There is only a few buildings left, some of which are in the stadium carpark with cameras everywhere, so couldn't get in them ones.


----------



## Lightbuoy (Oct 6, 2008)

What a stunning little explore -the plaque above the door sums-up the place for me. Practical building, yet some good-ol' fashioned Victorian elegance  Great to see some of the original equipment still in place too.

Lb:jimlad:


----------



## baal (Oct 6, 2008)

The last picture is of a tunnel we found in the undergrowth. Didn't have torches so we will be going back there soon to see how far it goes in. Also found what looks like another tunnel but pics are on other film


----------



## freebird (Oct 6, 2008)

Some nice pics there.
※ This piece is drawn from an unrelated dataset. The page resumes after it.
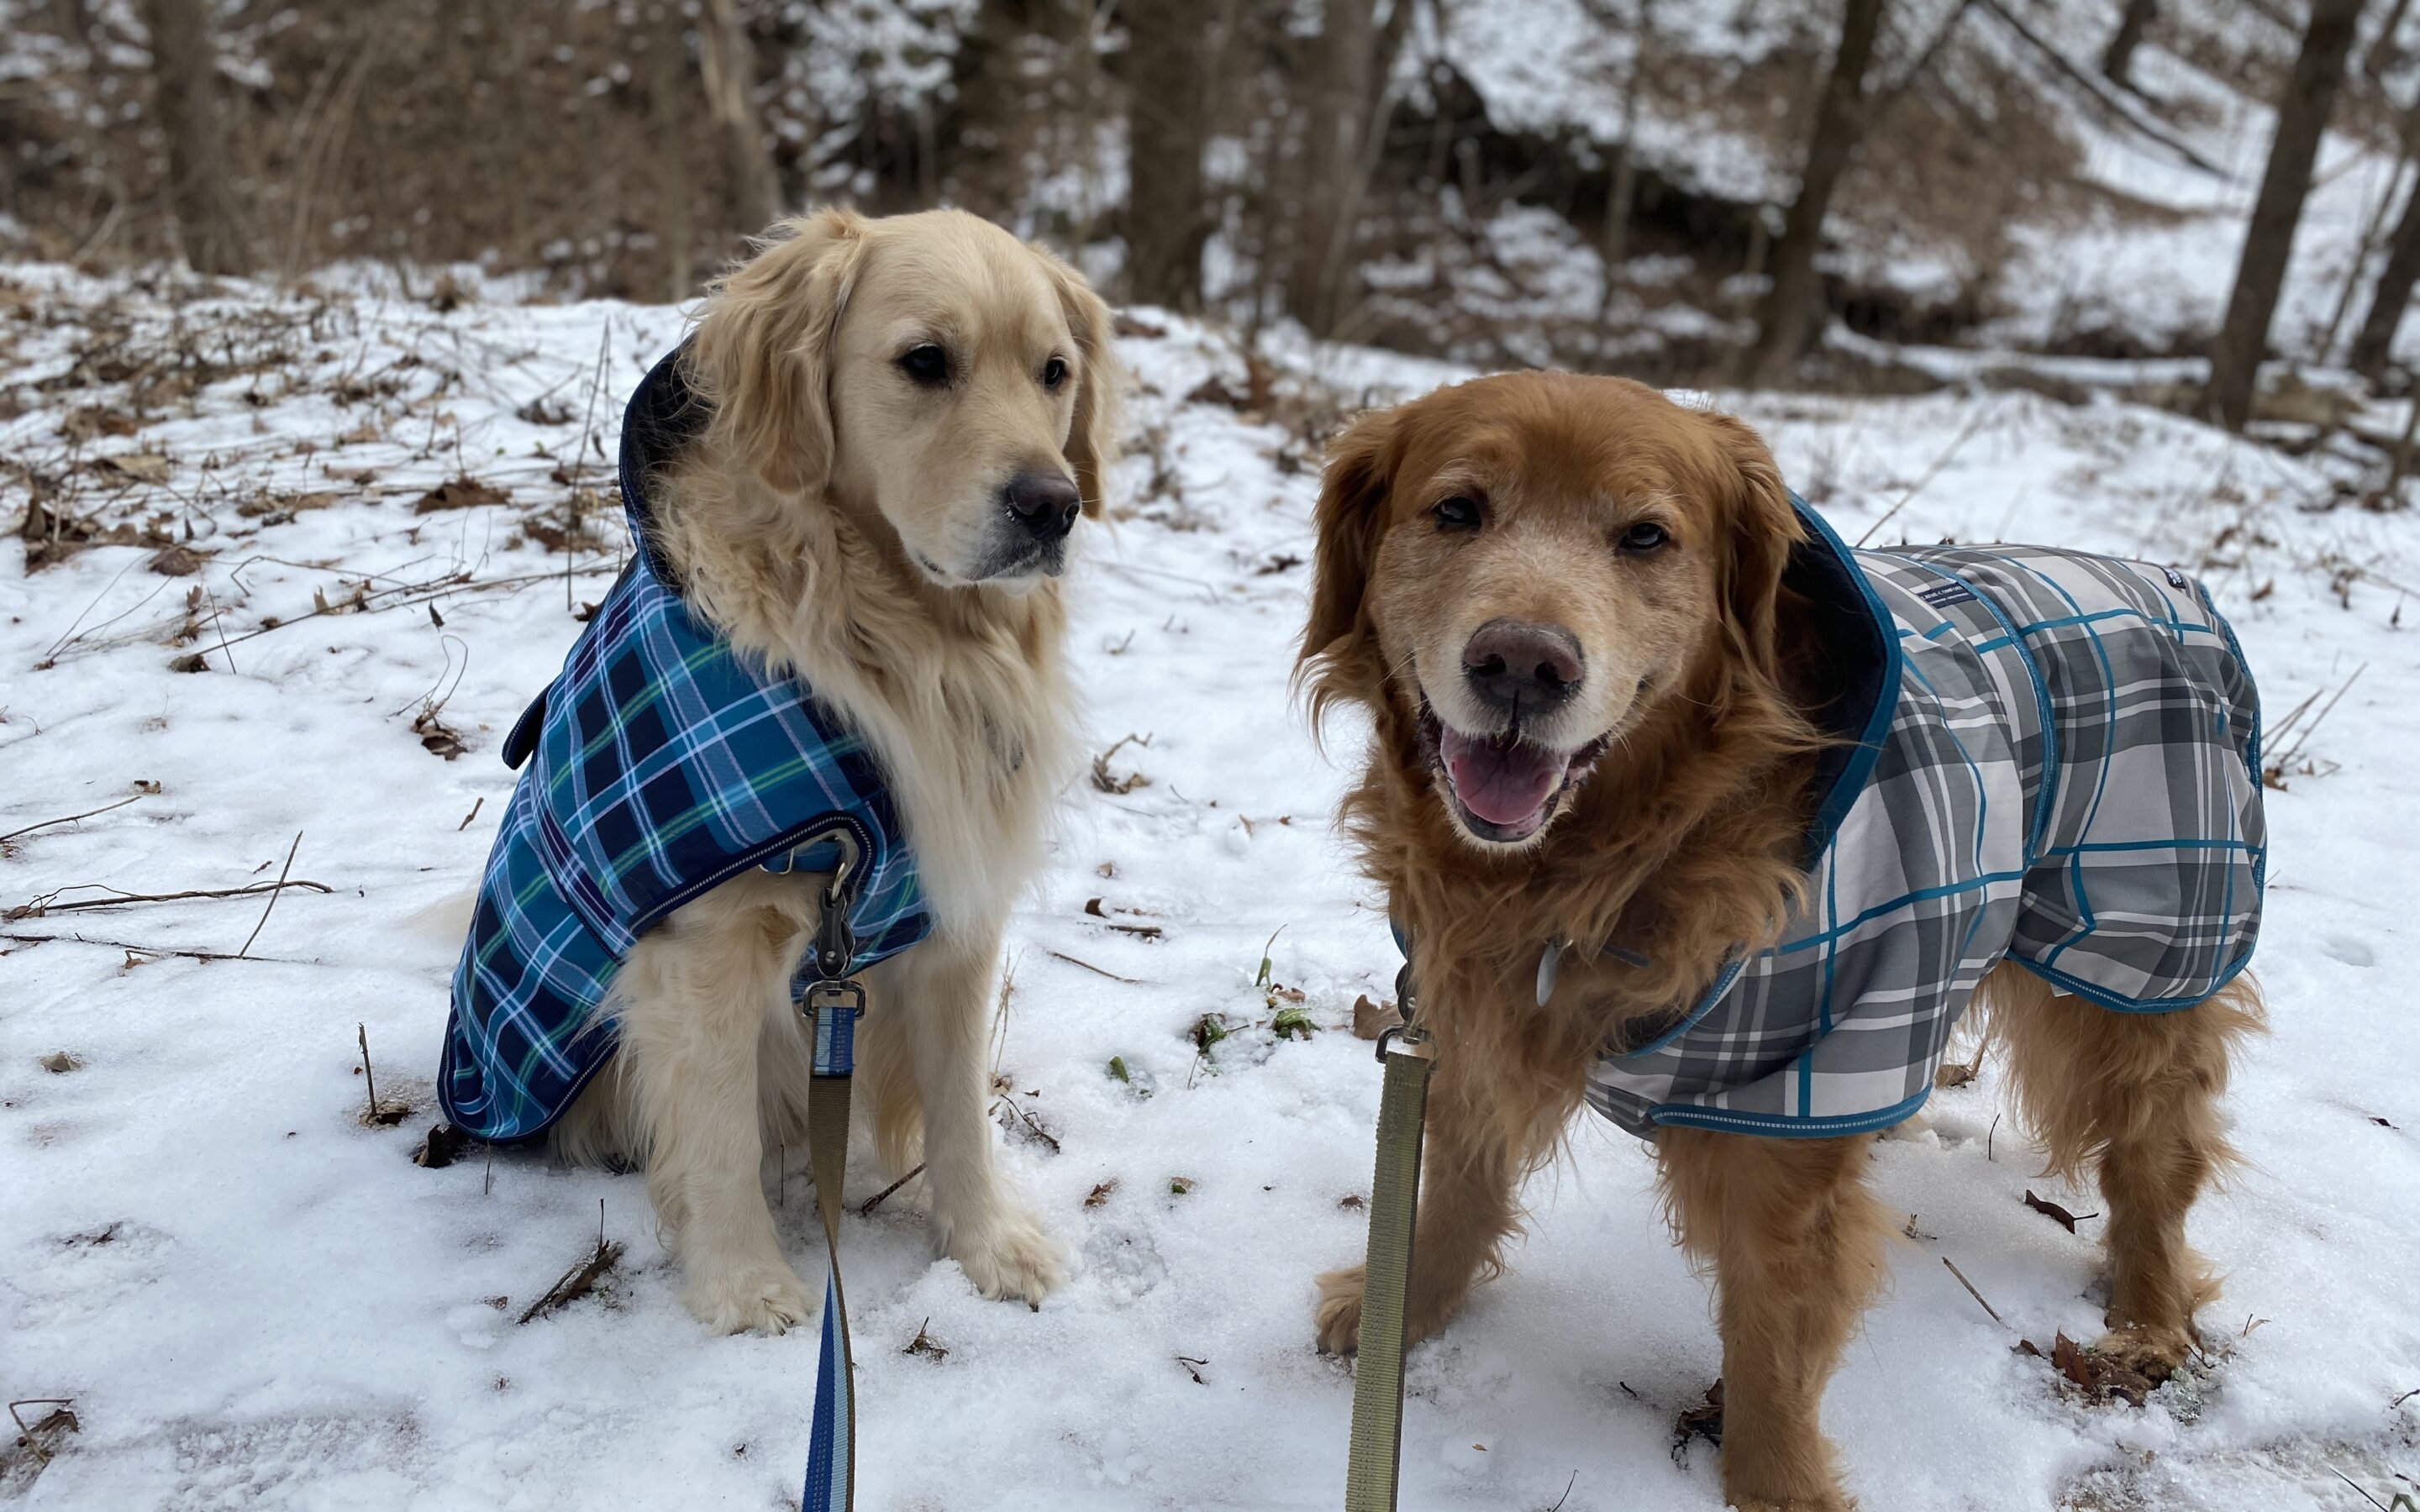 Let’s WOOF about dogs wearing coats.

Love pic 1 and the graffitti on the dirty cracked and flaking walls! Looks great.


----------



## TK421 (Oct 6, 2008)

thats a great site you have found there, it appears you have found the nose cone to the space shuttle in the second but last picture, they will be looking for that you know


----------



## baal (Oct 6, 2008)

TK421 said:


> thats a great site you have found there, it appears you have found the nose cone to the space shuttle in the second but last picture, they will be looking for that you know



Yeah thats exactly what I thought when I saw it. Its the top of a buoy. I think there is someone living in it!


----------



## Foxylady (Oct 7, 2008)

Fantastic site and superb photos...pics 2, 3 and 4, especially. Nice find.


----------



## dangerous dave (Oct 7, 2008)

baal said:


> Yeah thats exactly what I thought when I saw it. Its the top of a buoy. I think there is someone living in it!



its part of a blast furnace there are a few bits left kicking around on the site


----------



## TrefforestGump (Oct 8, 2008)

TK421 said:


> thats a great site you have found there, it appears you have found the nose cone to the space shuttle in the second but last picture, they will be looking for that you know



It looked like the Apollo modules to me!

Nice pics, nice find.


----------



## swanseadabber (Aug 4, 2009)

*The Listed Buildings At Site.*

LISTED BUILDING INFO

Museum Stores, formerly Morfa Copperworks rolling mill

II

16878
47/44/46

29/02/96

Located at the north side of the Hafod and Morfa copperworks site, off the cross-valley road between Foxhole Road and Neath Road.

A former rolling mill building for Morfa Copperworks, converted to use as a museum store and workshops in the 1980s. Morfa Copperworks was established in 1828 by Williams, Foster and Company of Cornwall, when Swansea was the world centre of the copper trade. The works was initially a rolling plant for making bars and plates from copper ingots brought from the nearby Rose Works, but smelting is believed to have been started at Morfa in 1835. Rolling was carried out initially in smaller steam-powered mills at both ends of the present range. These appear to have been linked to create the much larger mill building in the 1830s. The works amalgamated with the adjacent Hafod Copperworks in 1924 and was subsequently operated by Yorkshire Imperial Metals until it closed in 1980.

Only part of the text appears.